Top of GIVEN INFORMATION

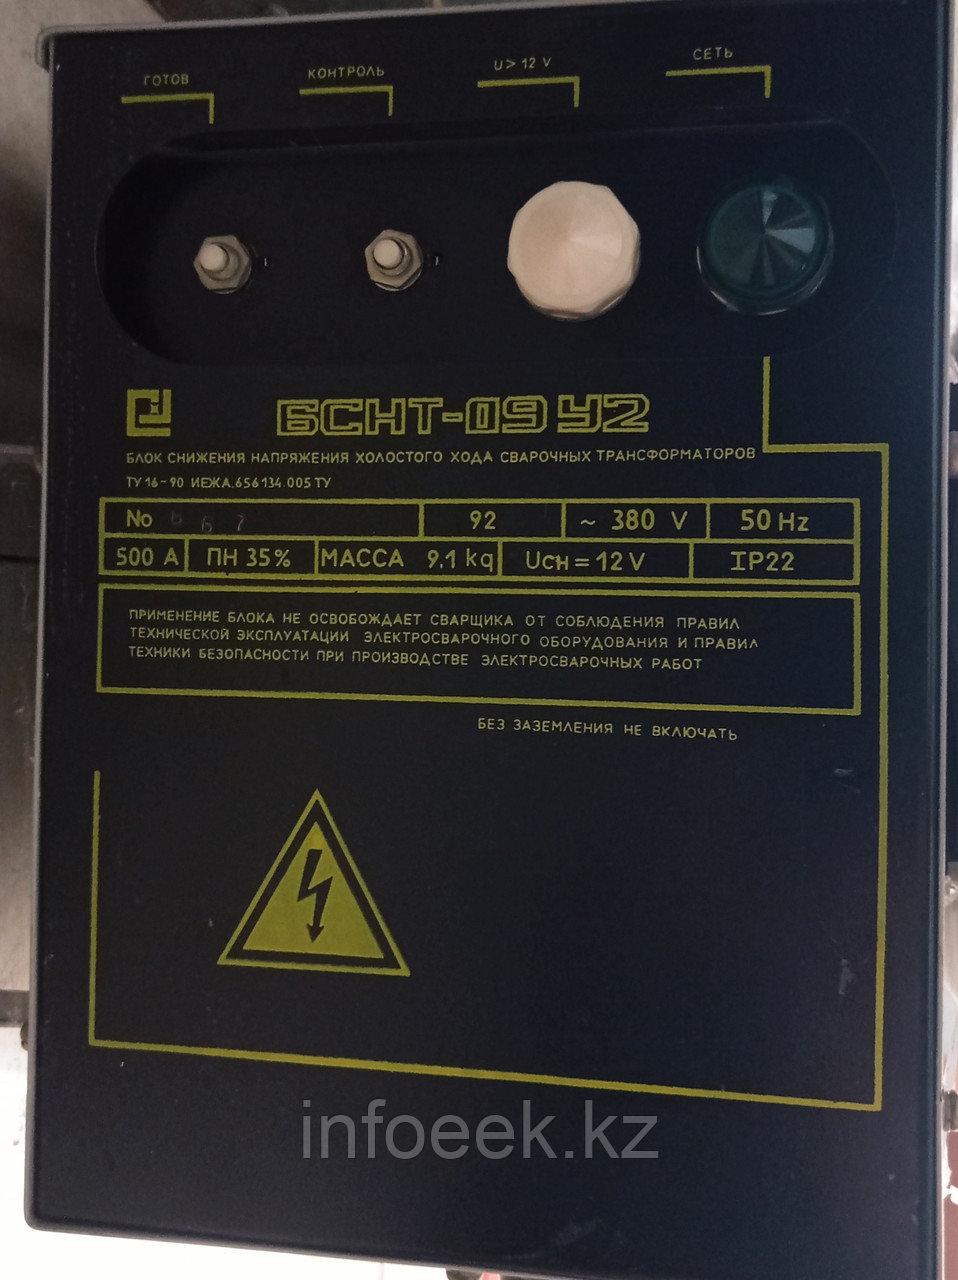 Блок снижения напряжения БСНТ-09 У2
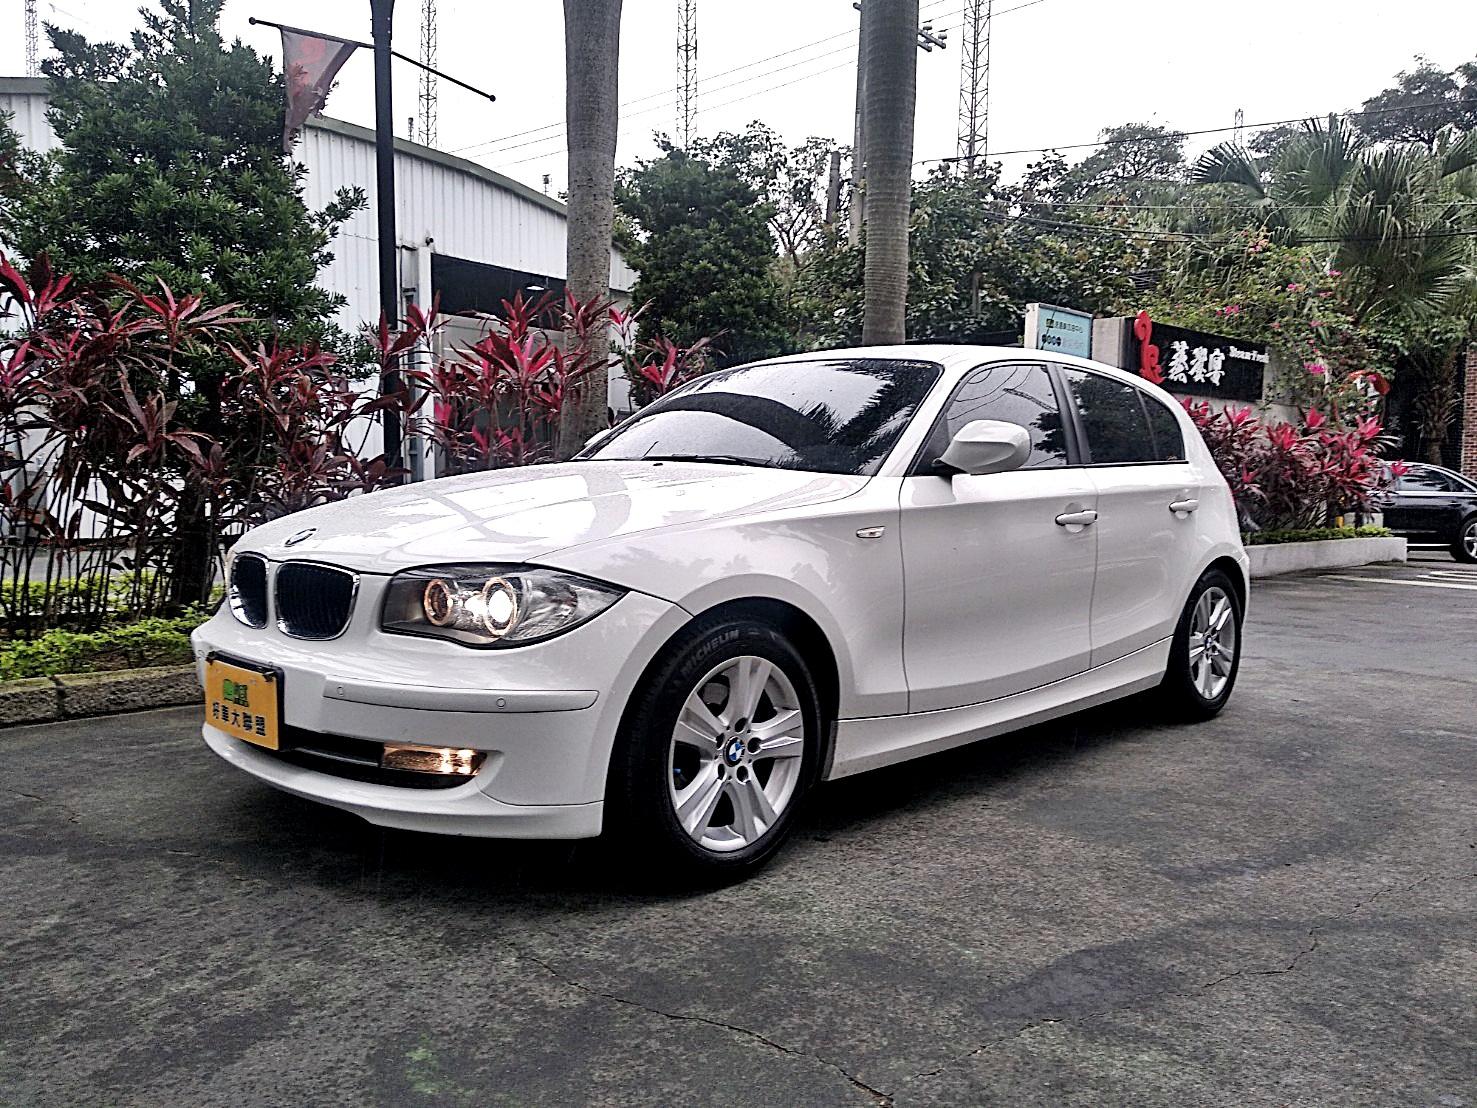 2010 BMW 寶馬 1 series
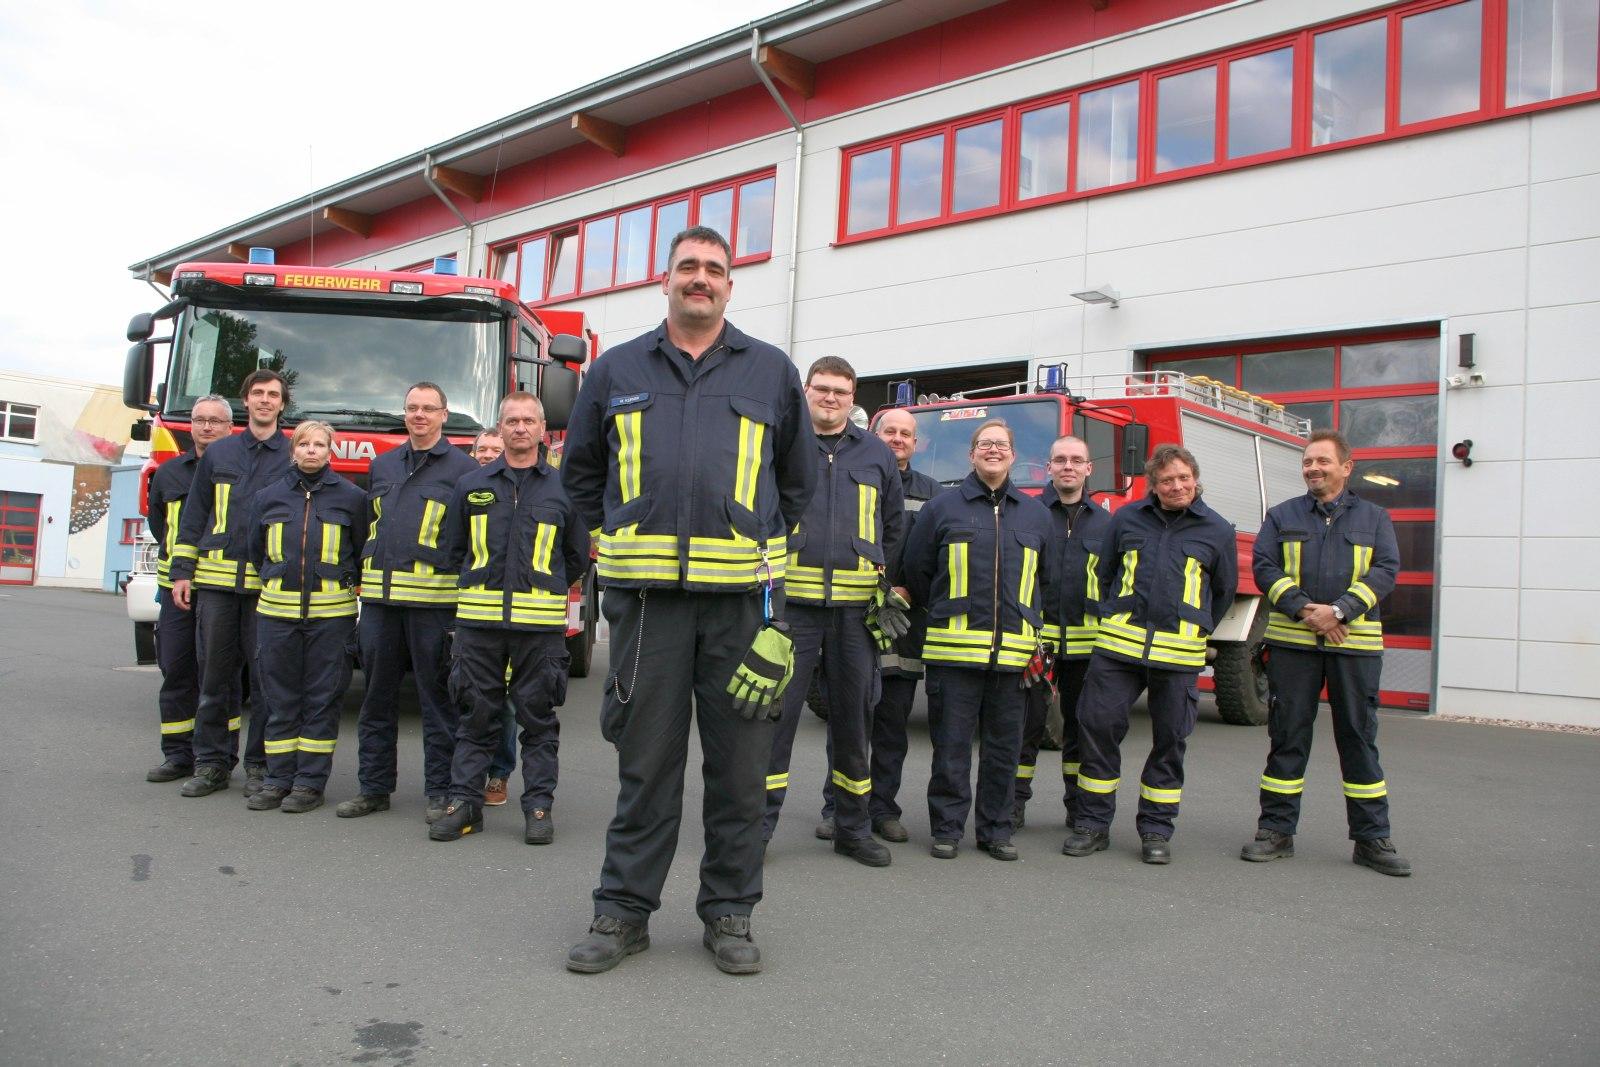 Freiwillige Feuerwehr Winzerla
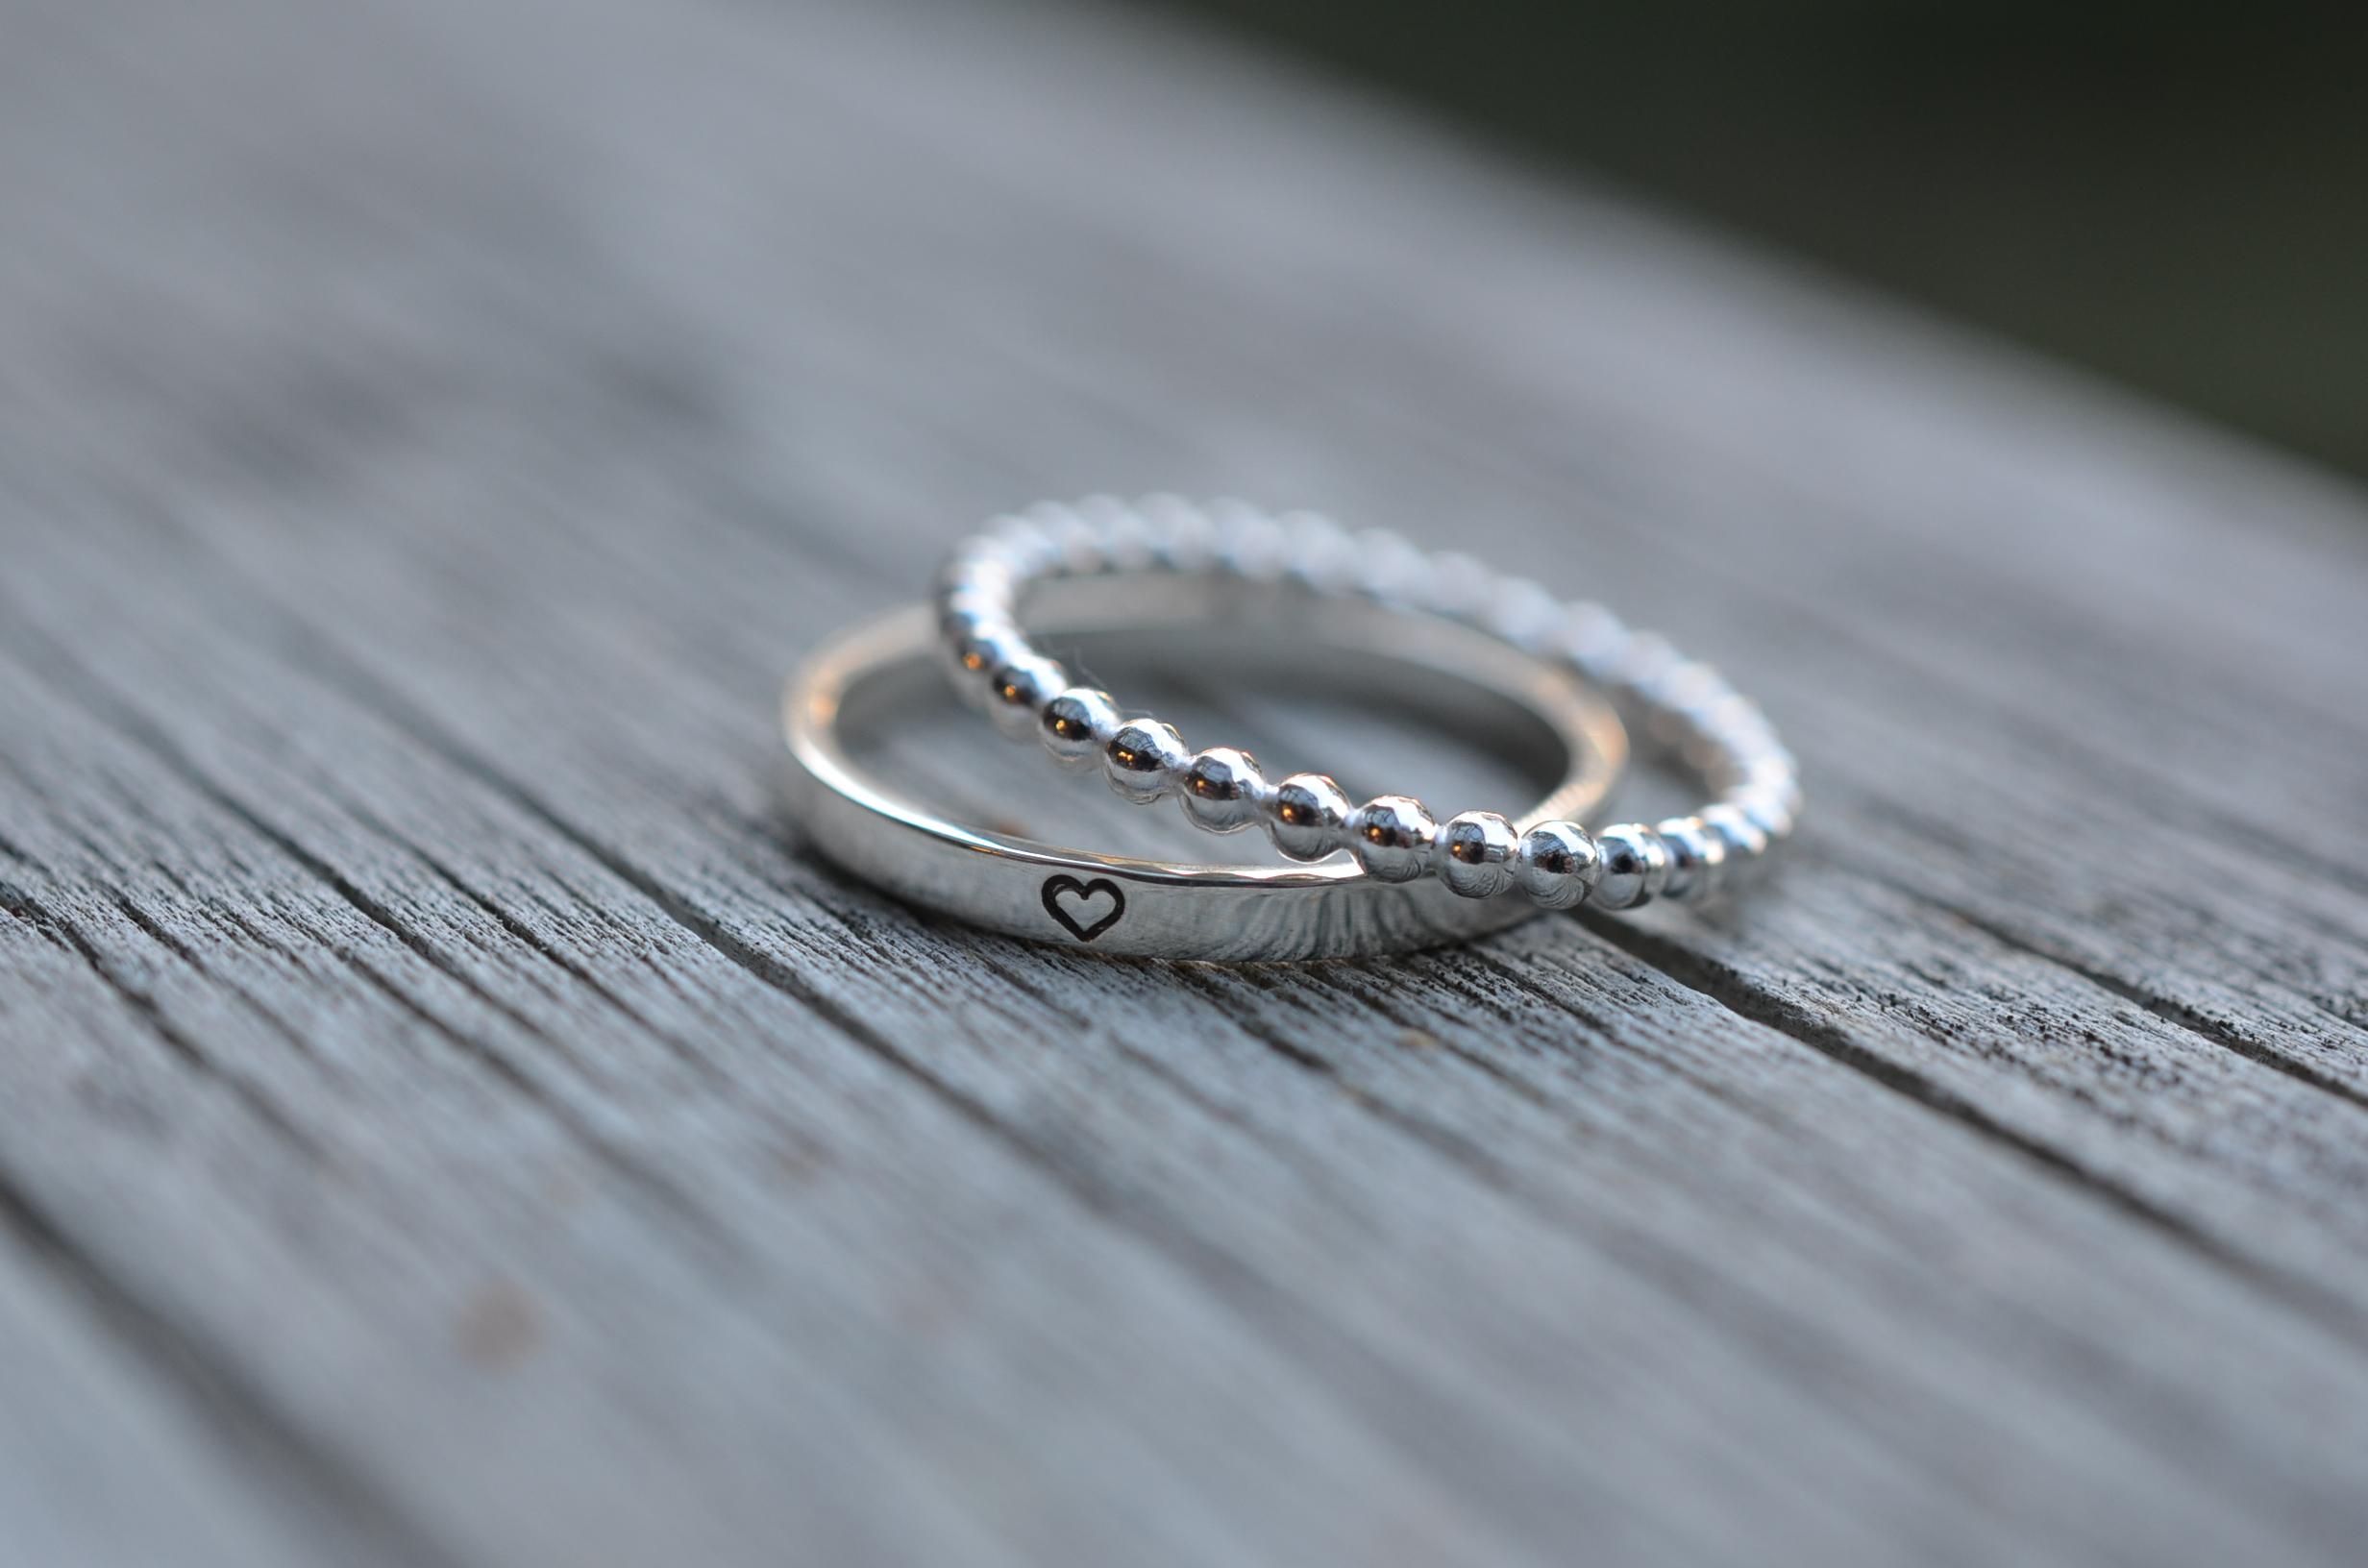 Mini stacking rings

Bottom of GIVEN INFORMATION

* _WORK ITEM_: Only the lines from the one containing "Freiwillige Feuerwehr Winzerla" through the last line of the material are to be restated word for word; no picture is to be included.

* _ANSWER TO THIS TASK_:
 Freiwillige Feuerwehr Winzerla
 Mini stacking rings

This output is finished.